Thank you, absolutely agree. The answer to any clinical question requires thoughtful synthesis of *numerous* statistics (not only p-value, but also effect size, confidence interval, fragility index, number needed to treat vs number needed to harm). This also needs to be combined with prior studies and common sense. For decades we have been myopically focused on the p-value, while often ignoring the larger clinical picture.
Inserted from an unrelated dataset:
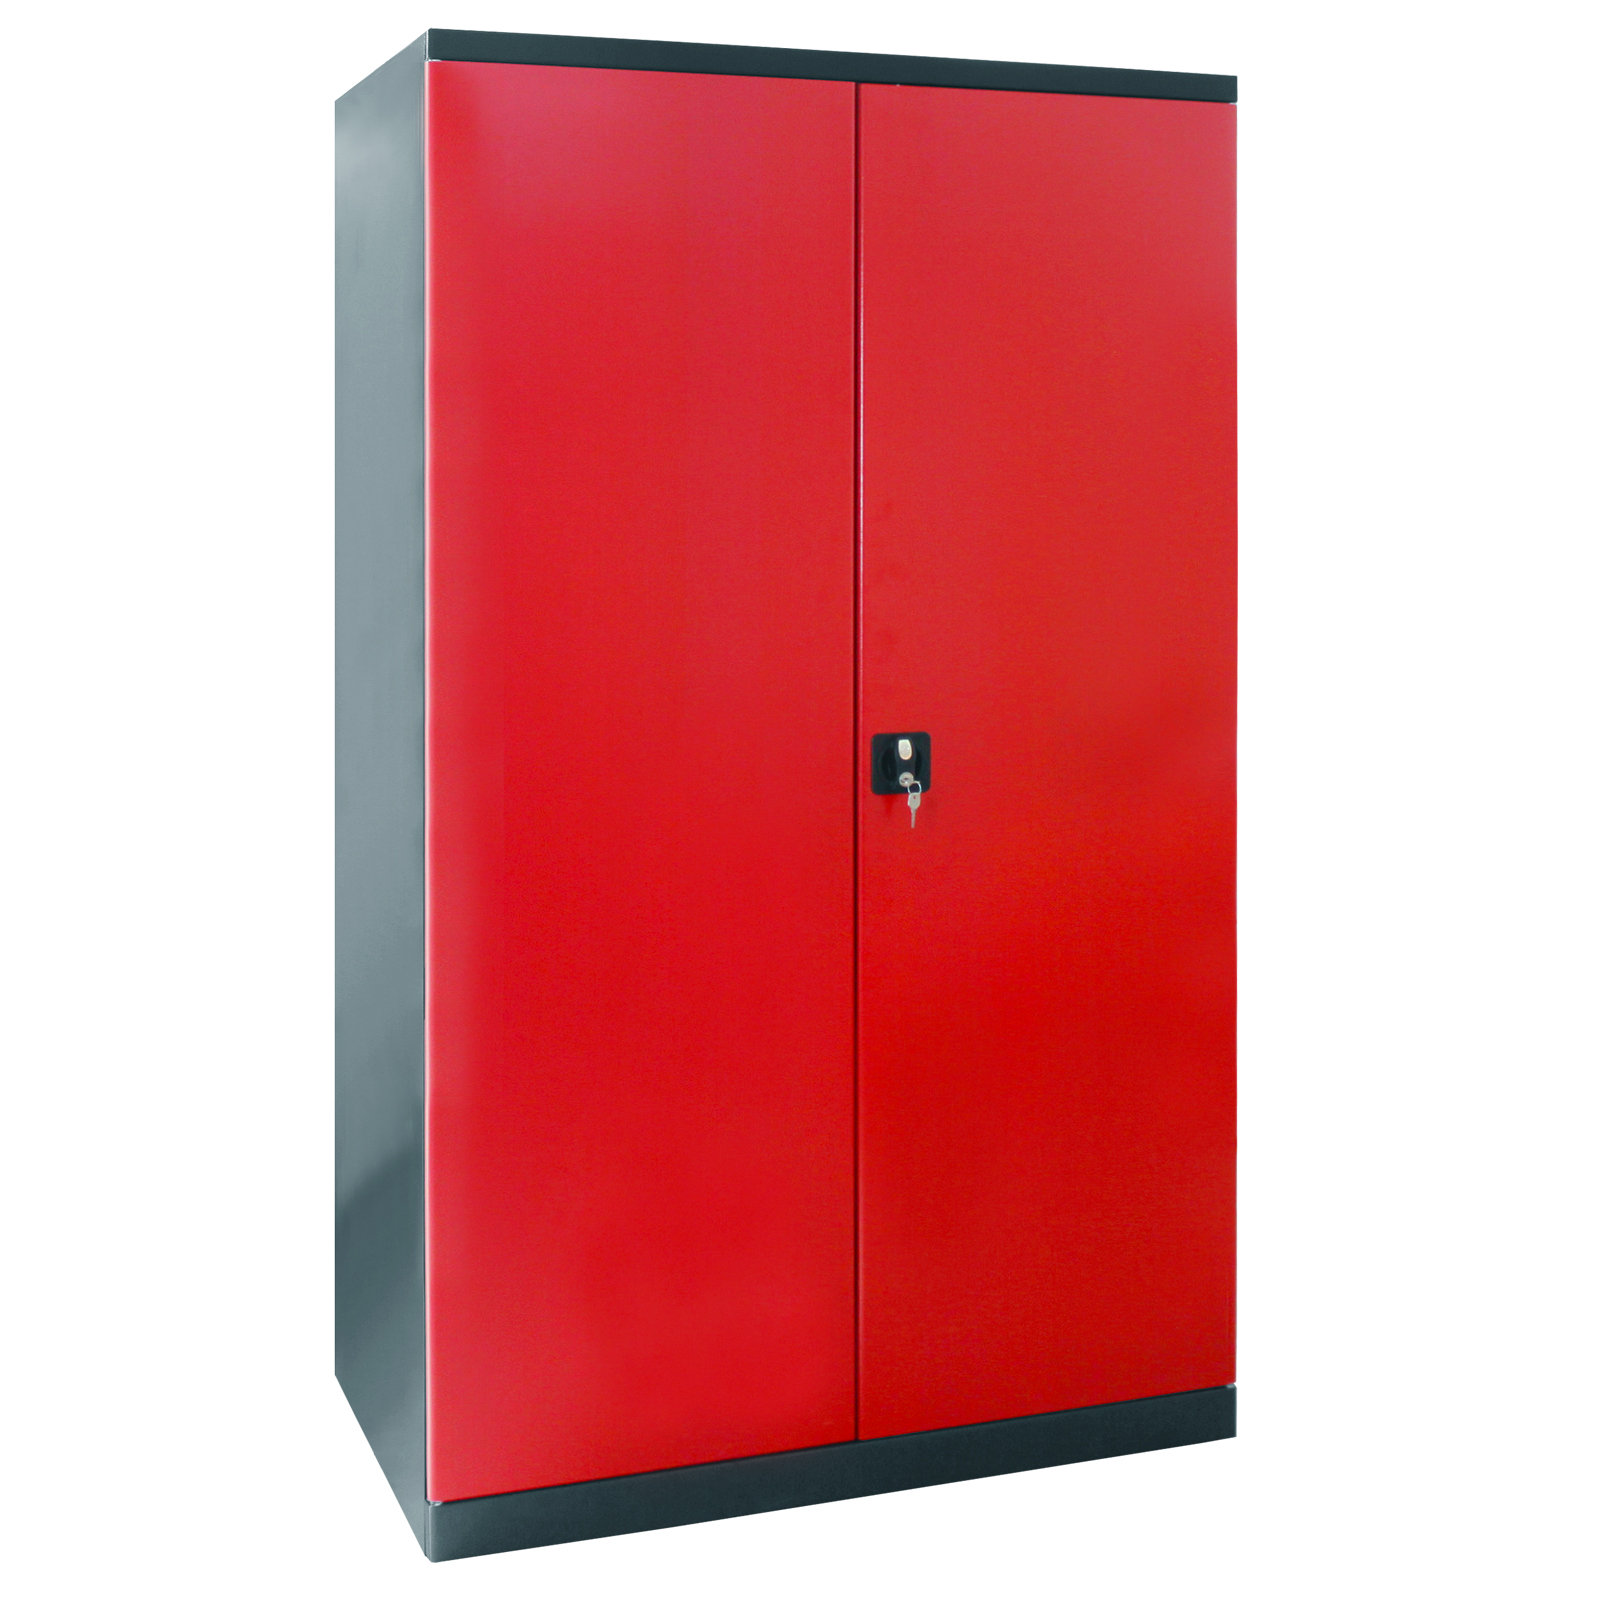 schrank xxl anthrazit rot metall schrank werkzeug 40913 ebay. Black Bedroom Furniture Sets. Home Design Ideas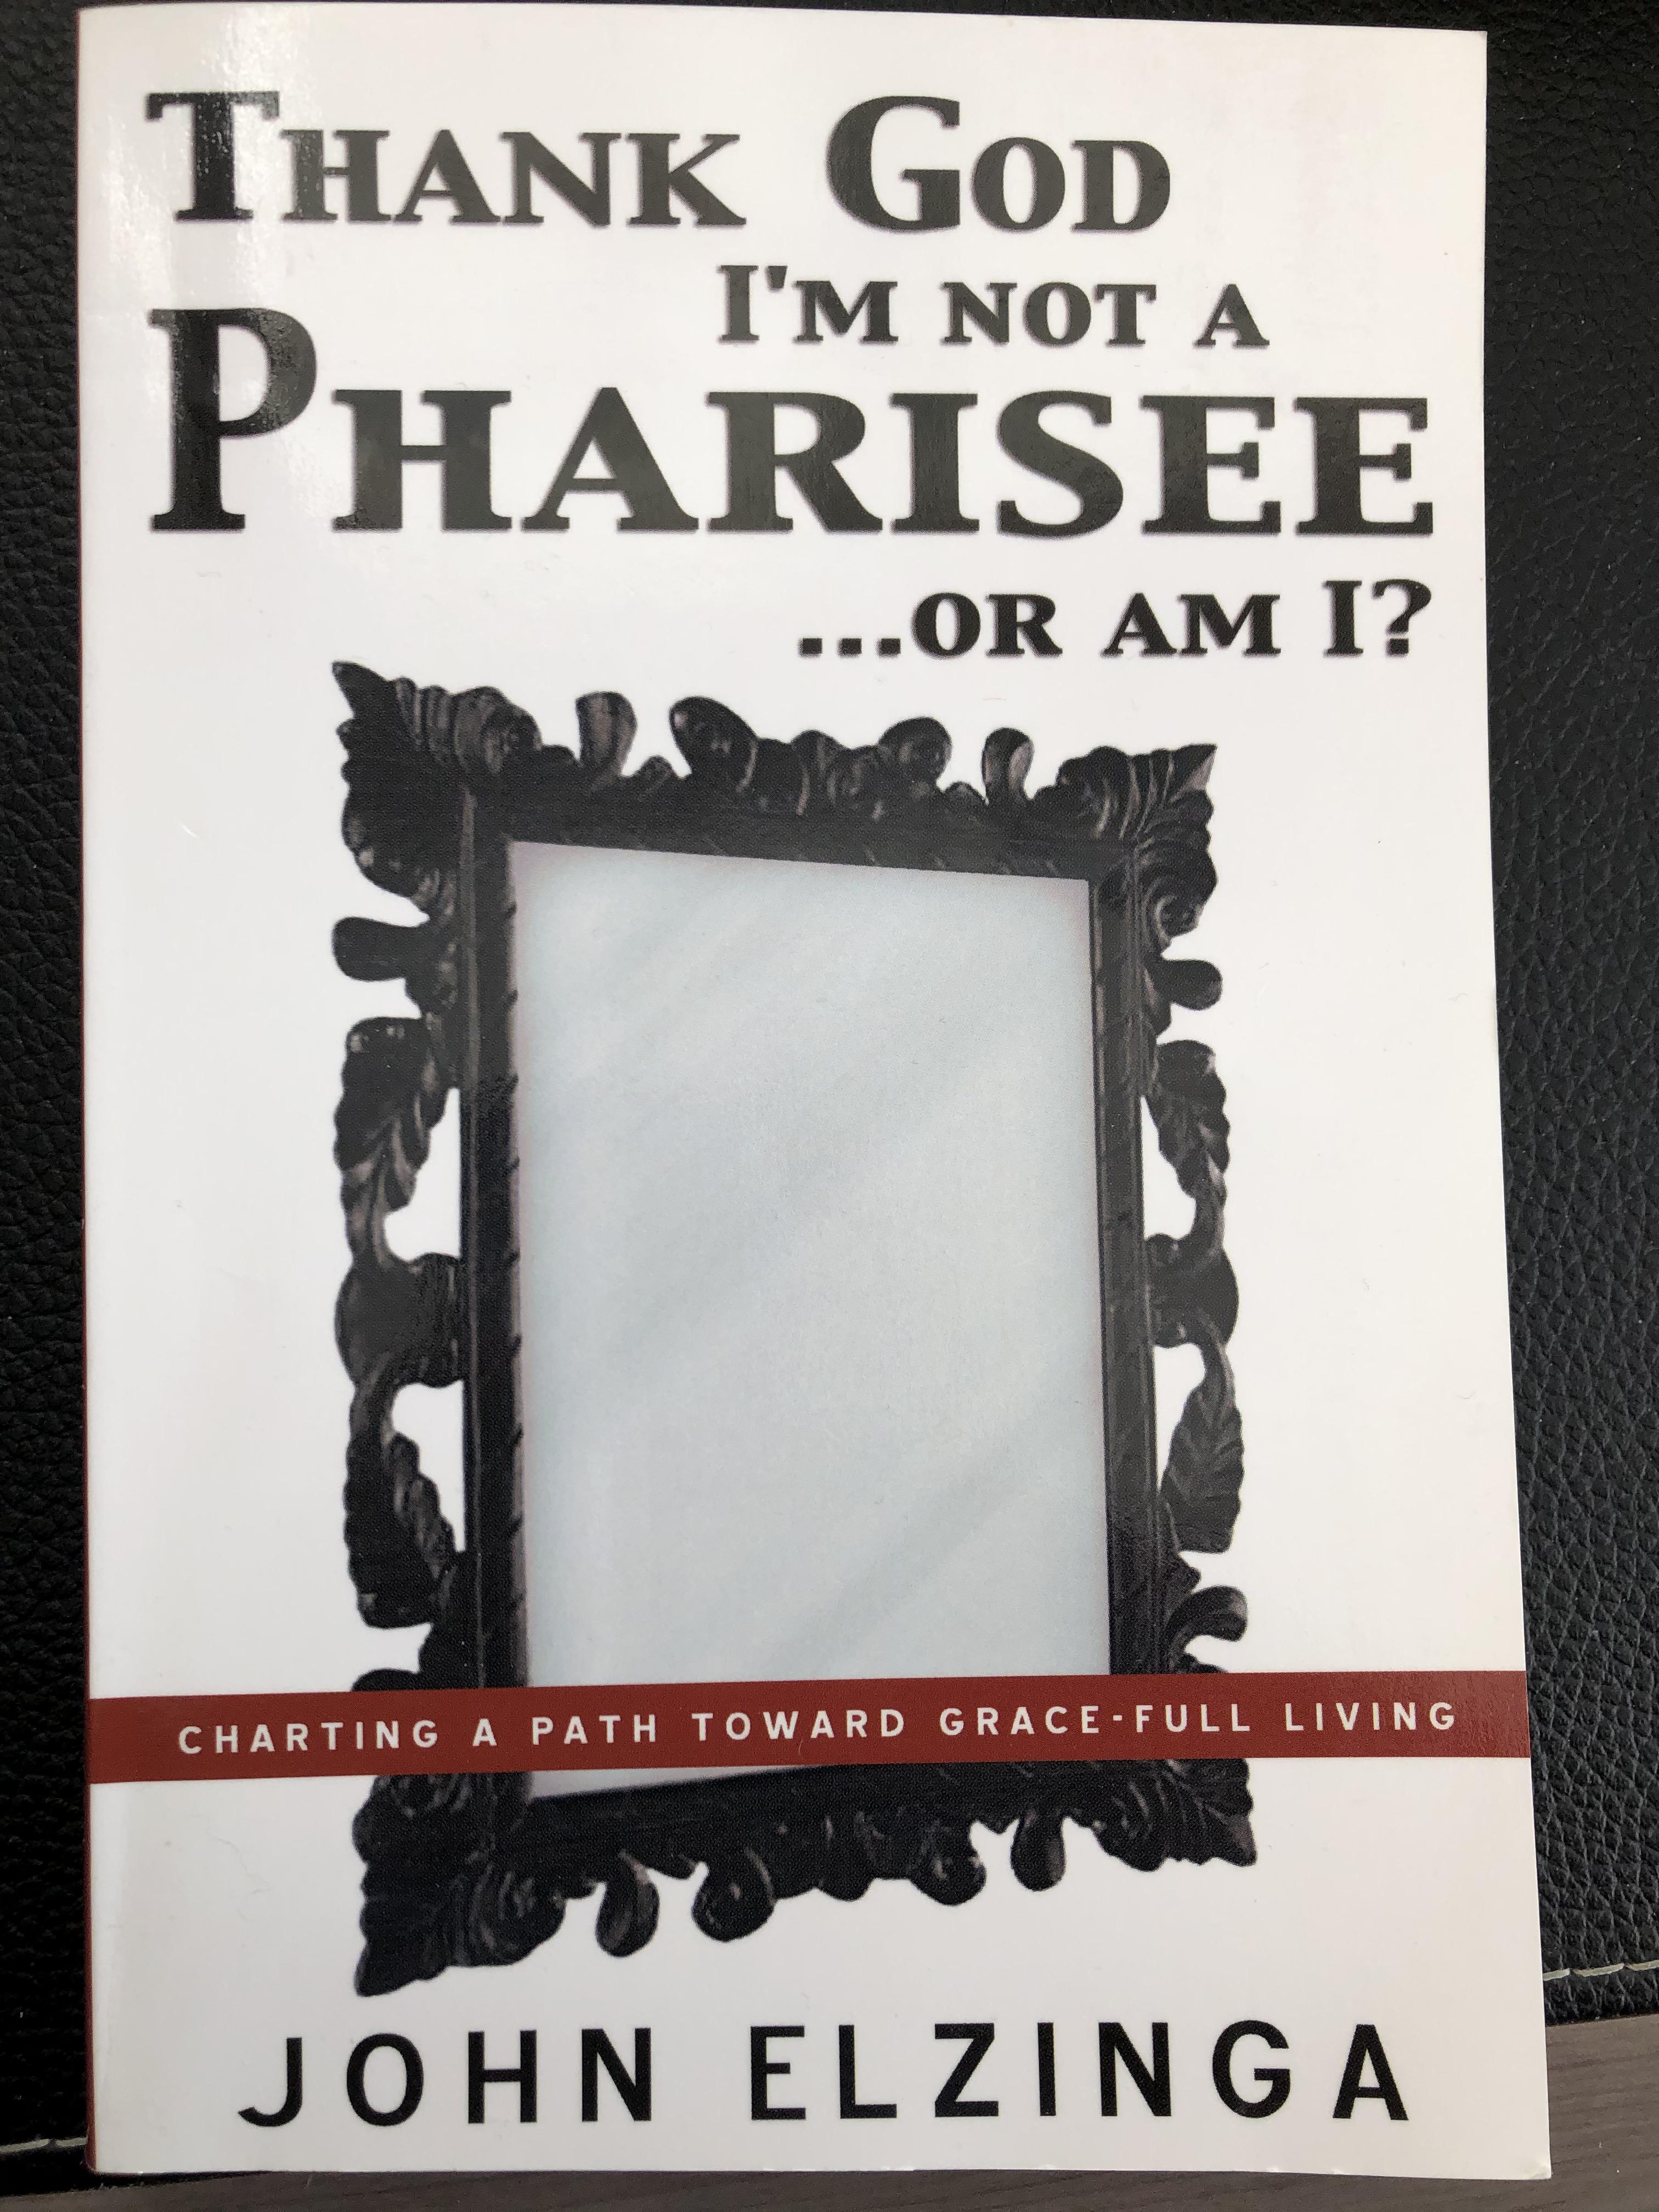 Thank God I'm Not a Pharisee

The solution to this problem isn’t necessarily better statistics, but rather that we need to be better doctors (exercising our judgement, rather than blindly adhering to statistical orthodoxy).
Great post Josh
I think we need to teach Bayes factor to allow interpretation of statistics
To do this we need to make it easily understood by the generations who are addicted to Ps
I think the tiered approach using a scale of~5 levels of “power” mapped onto the relationship between p-values and Bayes (likelihood ratios) would be easily digestible
Of course, it would be nice if articles include this information to assist in stats reading
A few are starting to do so. Editors, let’s do it?
Casey
Thanks Casey. Reforming statistics will not be easy. Underlying rot in our statistical systems is an ugly problem, so there is a natural tendency to ignore or deny it. Articles about this date back for decades, but little has been done about it. I’m hopeful that FOAMed can help us discuss these issues and become more mindful of them.